Le Japon a toujours été un pays fascinant vu d’Occident. La distance culturelle qui sépare les cultures nippone et occidentale semble à la fois infranchissable et, par moments, quasi-nulle. Pays de tradition centralisatrice, féodal, ayant longtemps disposé d’une monarchie sacrée de droit divin, culturellement rayonnant, le Japon rappelle par de nombreux aspects la France, même s’il s’en détache aussi très fortement.
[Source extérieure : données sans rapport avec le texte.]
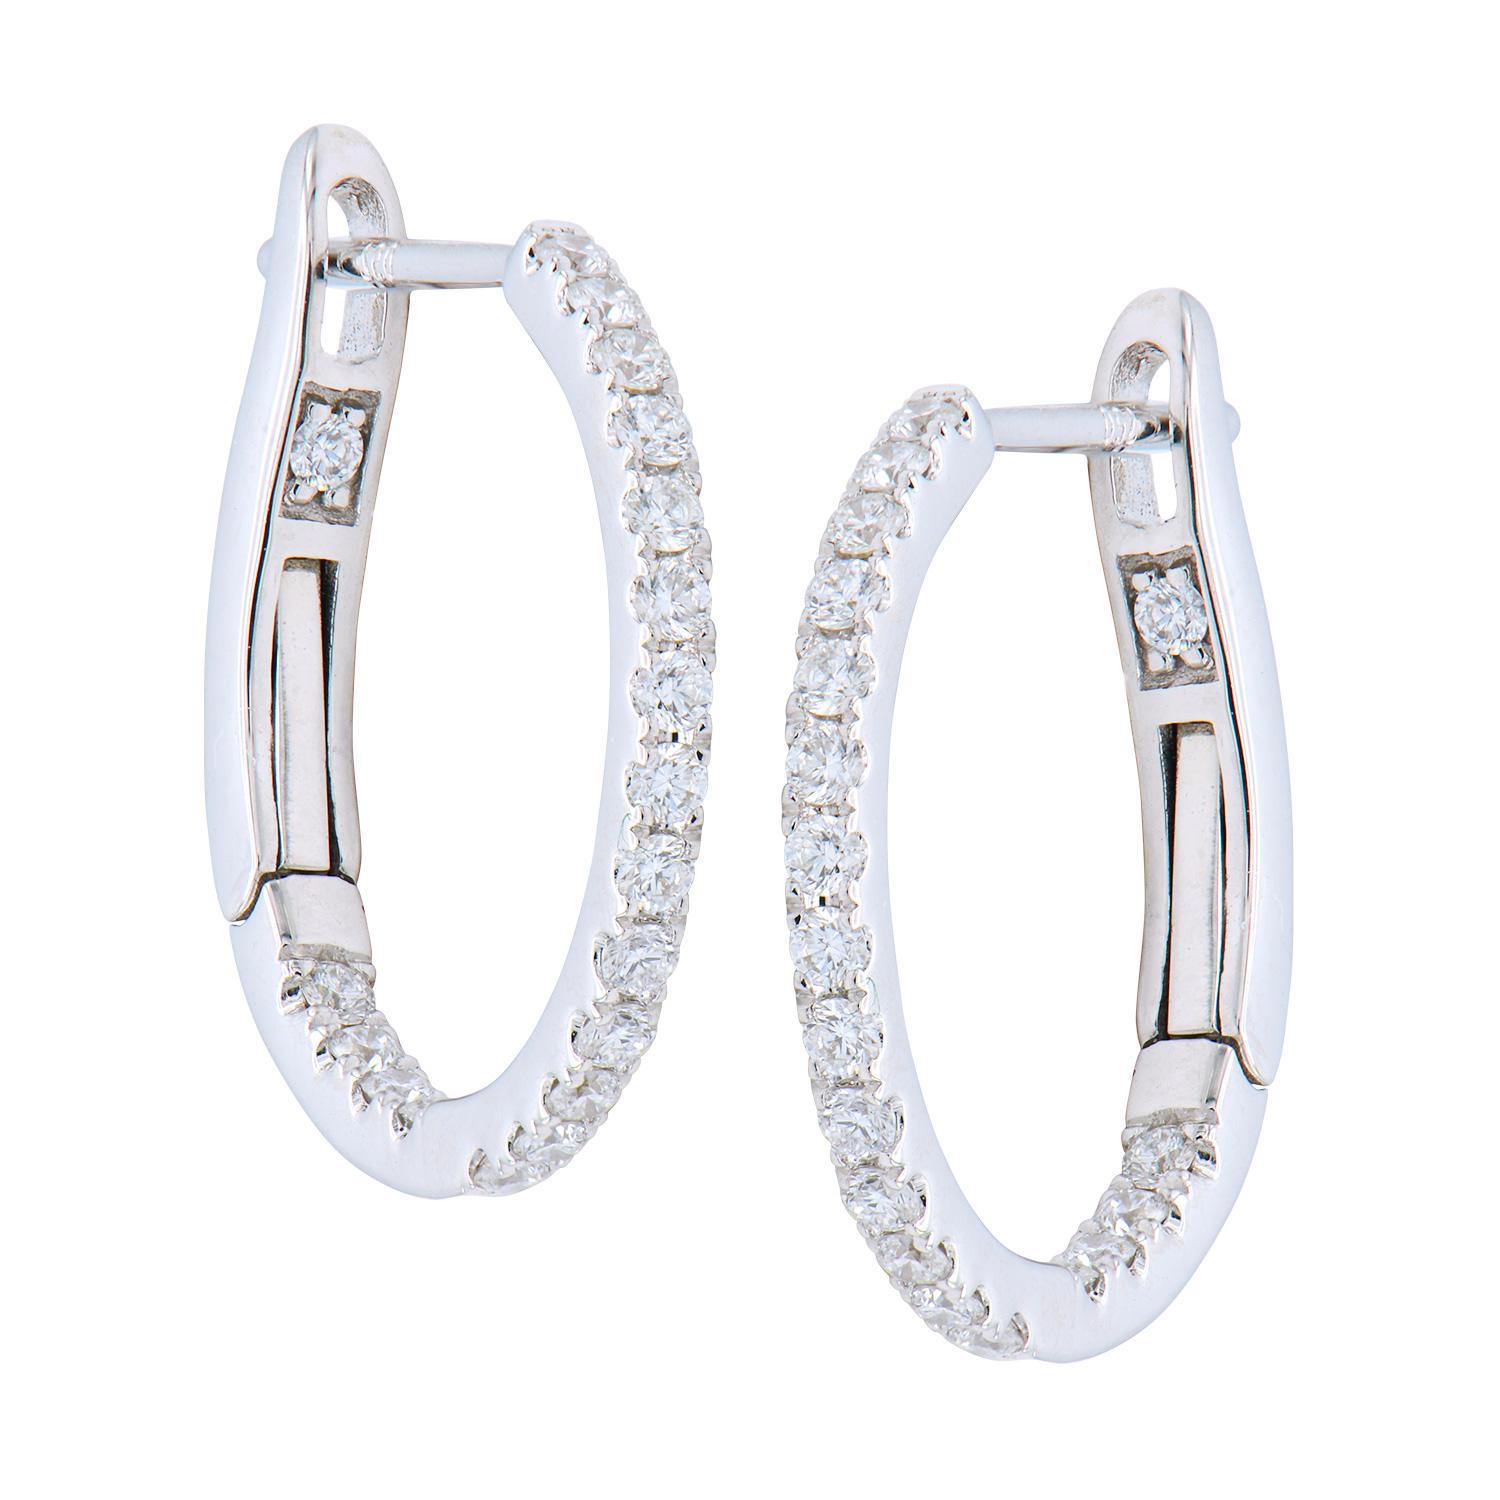 These classic and timeless small hoop earrings are made from 2.3 grams of 18 karat white gold. There are 38 round VS2, G color diamonds set in them totaling 0.31 carats. These hoops have a lever back for easy and secure wear.

De retour d’une semaine au pays du Soleil levant, les impressions sur l’évolution stratégique et géoéconomique appellent des réflexions sur la situation des deux pays.

© Nicolas Mazzucchi

Comment oublier que la France – et les pays d’Europe de manière plus large – étaient avec le Japon (et bien sûr les Etats-Unis), les grandes puissances du XXe siècle finissant ? Dans les années 1990, la CIA publiait le rapport Japan 2000, lequel insistait sur la compétition entre Washington et Tokyo sur quasiment tous les plans. Le système d’intelligence économique japonais, la puissance du MITI (ministère du Commerce extérieur et de l’Industrie, devenu aujourd’hui METI), les grands consortiums, tout cela faisait trembler les Occidentaux. C’était avant la crise asiatique et l’émergence de la Chine et d’autres pays d’Asie ; les actifs internationaux auparavant concentrés au Japon s’étant depuis dispersés sur d’autres places asiatiques. Comme pour les puissances européennes, le Japon a connu une perte de puissance certaine, le pays a été dépassé par la Chine dans le classement des PIB mondiaux à la fin de la décennie 2000. Fukushima est venu ajouter une douloureuse péripétie à l’histoire du Japon post-XXe siècle.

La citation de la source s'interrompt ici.